José António Moreira, Visão on line,
Dos contactos que vou tendo com pessoas mais directamente ligadas à actividade empresarial, mas também do que leio e ouço nos media, vai tomando forma um conjunto de indícios que têm a particularidade de apontarem num mesmo sentido: apesar da elevada e crescente taxa de desemprego em Portugal, há empresas que se defrontam com dificuldades em suprirem as suas necessidades de mão-de-obra.
Face a este tipo de situação, geralmente contraponho, a quem delas me faz eco, que talvez os postos de trabalho a preencher não tenham sido publicitados devidamente. Aquilo que me garantem é que, para além da publicitação nos meios de comunicação habituais, tais postos ainda são publicitados, formalmente, junto do Instituto de Emprego. Mais, que quando este consegue enviar alguns potenciais candidatos, e eles iniciam o trabalho – o que nem sempre acontece –, uma boa parte acaba por desistir ao fim de muito pouco tempo, invocando as razões mais variadas, pedindo apenas que a empresa lhes carimbe o boletim que terão de entregar no Instituto para poderem continuar a usufruir do apoio social.

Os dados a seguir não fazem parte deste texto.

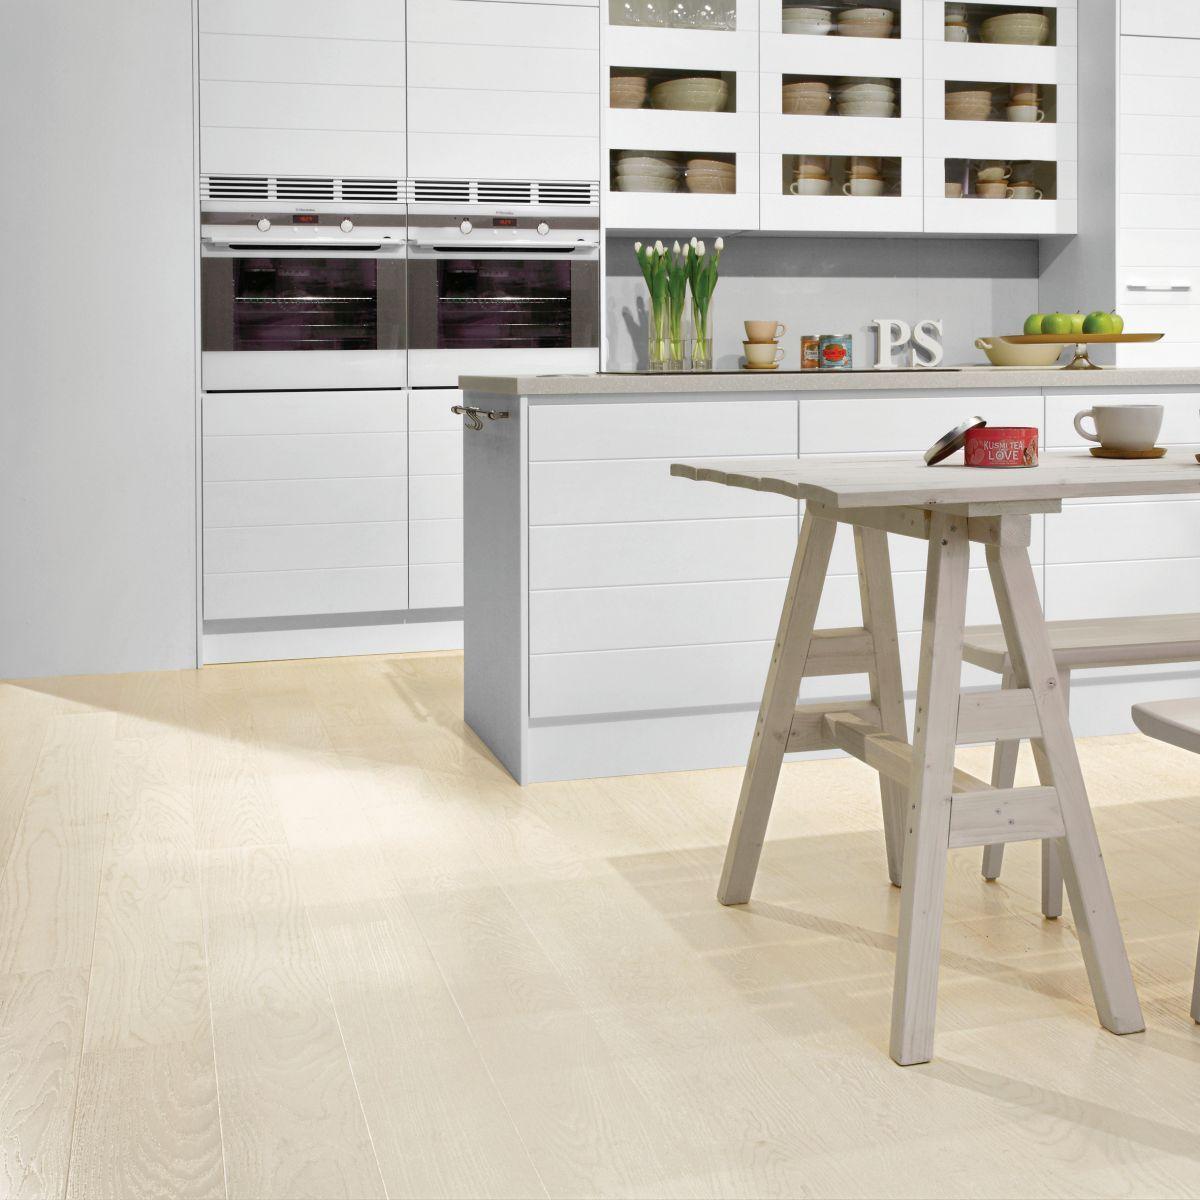 Tarkett Shade Ask Pearl White Plank Br 1-Stav - Lack - Parkettgolv - 2200 MM - 14 MM

Quando, actuando quase como advogado do diabo, eu insisto que possivelmente as empresas necessitam de operários muito especializados ou que oferecem os postos de trabalho por períodos muito curtos, na generalidade dos casos as respostas que obtenho é que não se trata de uma coisa nem da outra: empregos indiferenciados não têm melhor sorte do que os especializados, e nem a oferta de um contrato de trabalho sem termo é garantia de se ser mais bem sucedido. Em suma, aquilo que sustentam é que os desempregados não querem trabalhar.
Não é preciso ser-se investigador para ter consciência do erro em que se pode incorrer quando, a partir de um conjunto limitado de observações (uma pequena amostra), se faz uma generalização para a população. Opto, pois, por não generalizar. Prefiro pensar que tive sorte (ou azar) em me defrontar com um punhado de situações que apontam genericamente num determinado sentido, e que essas situações não são necessariamente representativas do universo das cerca de 600 000 pessoas actualmente desempregadas em Portugal.
Porém, julgo que estes “boatos” (vou considerá-los assim) deveriam ser objecto de análise pelos poderes públicos, quanto aos seus reais fundamentos e com o intuito de se procurar perceber o que realmente se está a passar a este nível. Seria, inclusive, uma forma de proteger os próprios desempregados de uma imagem (negativa) que deles se vai criando na sociedade.
Independentemente do que se viesse a apurar, julgo que é tempo de se repensarem as prestações sociais, o “subsídio de desemprego” em particular. Com efeito, o trabalho tem uma função social e pessoal que vai muito para além de ser a fonte de rendimento que permite a cada um possuir uma vida digna. Por isso, a dimensão abrangente do trabalho deveria ser tomada em consideração quando se procura apoiar o desempregado. Actualmente, aquilo que se faz é dar a este um determinado montante monetário para suprir, em parte, a perda de rendimento que ocorreu com o fim do seu contrato de trabalho. Ou seja, esquece-se que existe uma outra dimensão do trabalho, aquela que nos faz levantar da cama em cada manhã, que nos faz partir para mais um dia de luta, que nos faz sentir vivos e úteis. Sou de opinião, pois, que se devia rever o sistema de apoio aos desempregados de modo a procurar incluir esta outra dimensão.
Pelo menos em abstracto, não parece que fosse muito difícil. O sujeito que se visse desempregado receberia um pacote de apoio com uma dupla vertente: a monetária, como actualmente, para que pudesse suprir as suas necessidades básicas; a da “estabilidade emocional” (chamemos-lhe assim), por via da obrigação de prestar uma pequena contrapartida de trabalho social – ou, em alternativa, fazer formação profissional –, que, sem lhe retirar o tempo necessário para procurar alternativas de emprego, lhe transmitiria a certeza de que continuava a ser útil à sociedade.
Uma solução deste tipo, que pode ser considerada “politicamente incorrecta”, tenderia a ser mais saudável para ambas as partes – a sociedade e o sujeito – e mais equilibrada do que a mera diminuição da componente monetária que, actualmente, vem sendo defendida como a solução capaz de levar o desempregado de volta ao mercado de trabalho no mais curto espaço de tempo.
Além disso, cortaria cerce a possibilidade de cada um de nós, empregados, cair na tentação de inferir, a partir de indícios como os que acima referi, que os desempregados protelam o retorno à vida activa enquanto não esgotam o período de atribuição do respectivo “subsídio de desemprego”.